- From: Jon Bosak <bosak@atlantic-83.Eng.Sun.COM>
- Date: Tue, 10 Sep 1996 22:32:04 -0700
- To: gtn@ebt.com
- CC: tbray@textuality.com, w3c-sgml-wg@w3.org
[Gavin:] > some people confuse coded character sets and encodings Yeah. Me, for instance. I apologize for getting this mixed up (once again) in an earlier comment.

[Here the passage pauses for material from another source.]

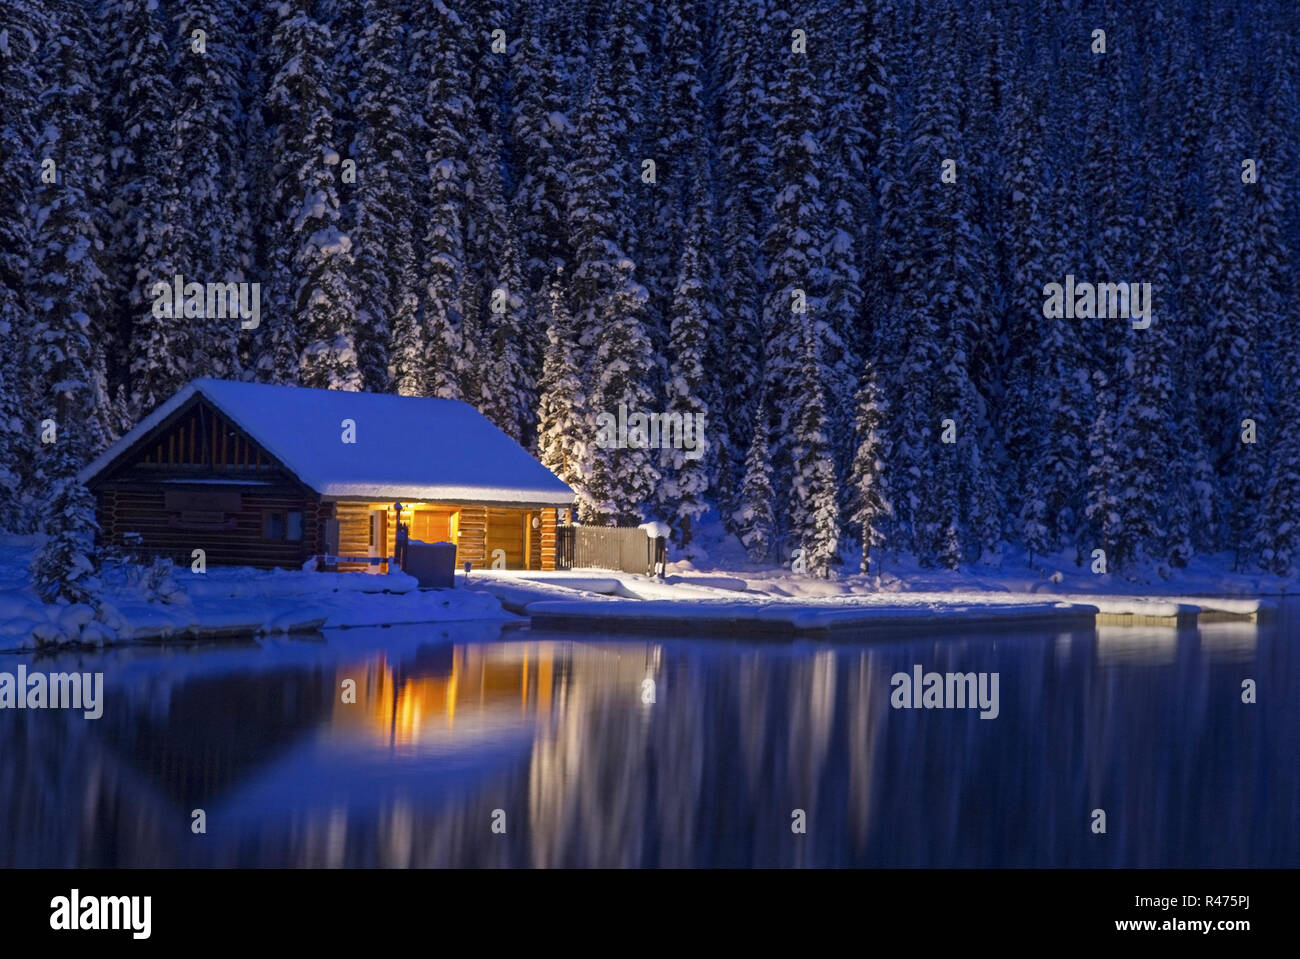 Détail de cabane en bois rustique. Paysage de forêt de neige réflexion de lumière nocturne. Calme Lake Louise eau Parc national Banff hiver Canada montagnes Rocheuses Banque D'Images

Let's review the basics for us slower members of the class. * The character set allowed in markup or data (e.g., 10646 BMP) and the character encoding put on the wire or in a disk file (e.g., UTF-8) are completely different issues. * We can specify 10646 as the character set (in the SGML sense) for all XML documents while still allowing a much more limited encoding (such as 7-bit ASCII) for the transfer of a particular document instance, assuming that information about which encoding is being used is conveyed when the transmission is established. * Notwithstanding the last point, we can (if we want) go farther than saying that 10646 is the XML character set (in the SGML sense) and also say that UTF-8 is the only (or recommended, or expected, or default) encoding that we shall/should/expect to find when we open a file containing an XML document or receive a byte stream during an HTTP session. Right? Jon
Received on Wednesday, 11 September 1996 01:34:21 UTC